A Picture Is Worth A Thousand Words

Jan 11, 2014

    Why is it that so many of us have an altered sense of what we truly look like as we loose the excess weight?  Just today my husband and I were talking about this.  Then tonight I get on the forum to see a post talking about body dysmorphia. Will we ever be able to look at ourselves in the mirror and see who we truly are?

      I have had a hard time seeing myself, and the changes that my body has gone through.  I look down and see the overly huge stomach, the thunder thighs, and I can turn in the mirror to see the bubble butt.  That is what I see as I look into the mirror everyday.  If I were honest,  I also see the wrinkles in my face that have just started popping up, the wrinkles on my butt, the stretch marks on my belly taking on a whole new look, and the thighs that have begun to wrinkle in a downward circle pattern.  So, I guess I would have to say that yes, I do see the changes, but my brain is not allowing me to take in the changes. 

       About a week ago my husband took a picture of me as I wanted to get my daughters opinion on a pair of glasses that I was thinking about purchasing.  When I looked at the picture I was floored over the sight that I saw in the picture.  It was a woman that had lost a ton of weight.  Her upper body was super thin.  That person had my face.  Could it really be me?  It was.  Why is it that it takes a picture to put our brains in the place to accept what we look like?

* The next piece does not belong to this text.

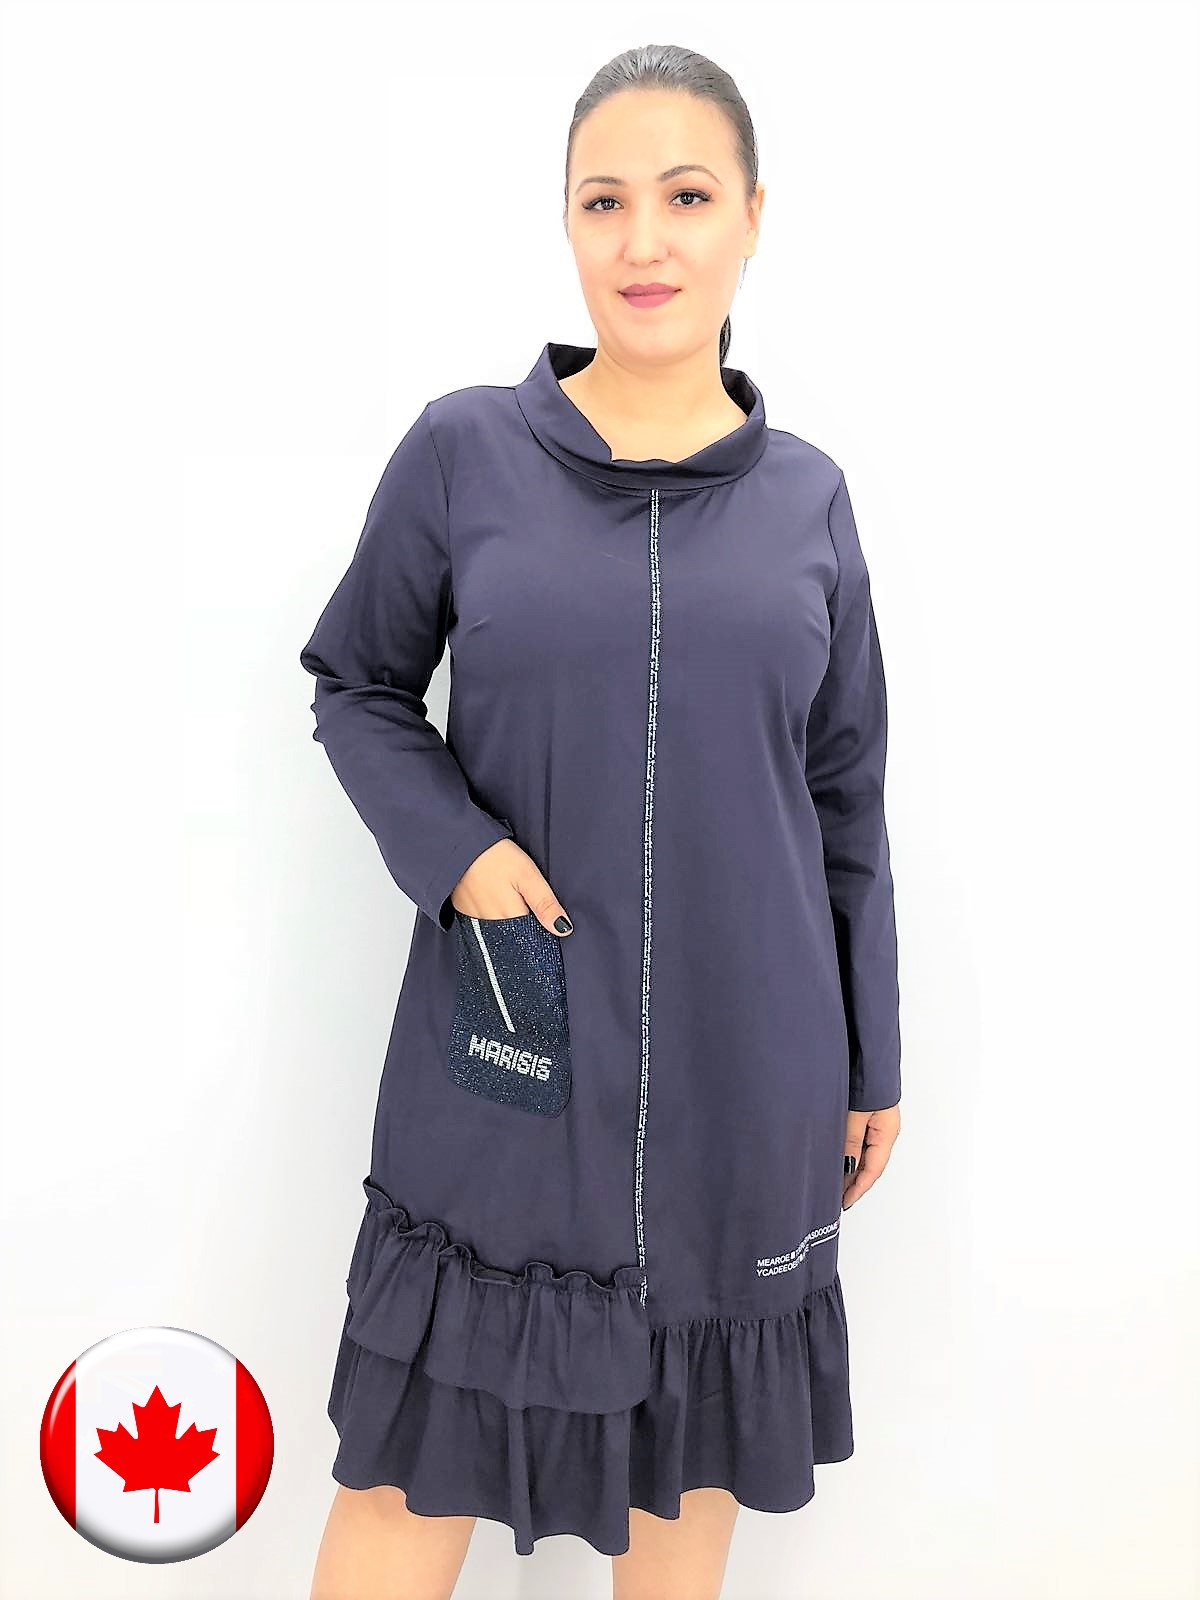 Магазин женской одежды в Сочи КАНАДА - нарядные платья, рубашки и туники из Турции от 50 до 56 размера - женская одежда больших размеров в Сочи и Адлере

       Well, last night my husband and I went out on date night.   My husband being the weight he was had been unable to go to the movies.  Due to his weight loss we went to the movies for the first time in 15 years.  After the movies we went to Red Lobster.  We asked for a table, which has been our norm, as he has not fit into a booth for about the same amount of time.  The hostess messed up and took us to a booth.  My honey decided to give it a try.  After pulling the table my way a bit we both sat comfortably in a booth.  Another first in many years.  I decided to take a picture of him in the booth.  Once I took the picture I looked at it for several minutes.  Although I have seen his progress, and know how "thin" he is becoming, it took a picture once again to concrete it into my brain what he truly looks like.

         I guess I could accept this if it was something that I was having trouble seeing in myself, but to not see it in him.  I guess being so close it may have given me tunnel vision.  It is either that or the old cliche' that the camera adds 10 pounds is wrong.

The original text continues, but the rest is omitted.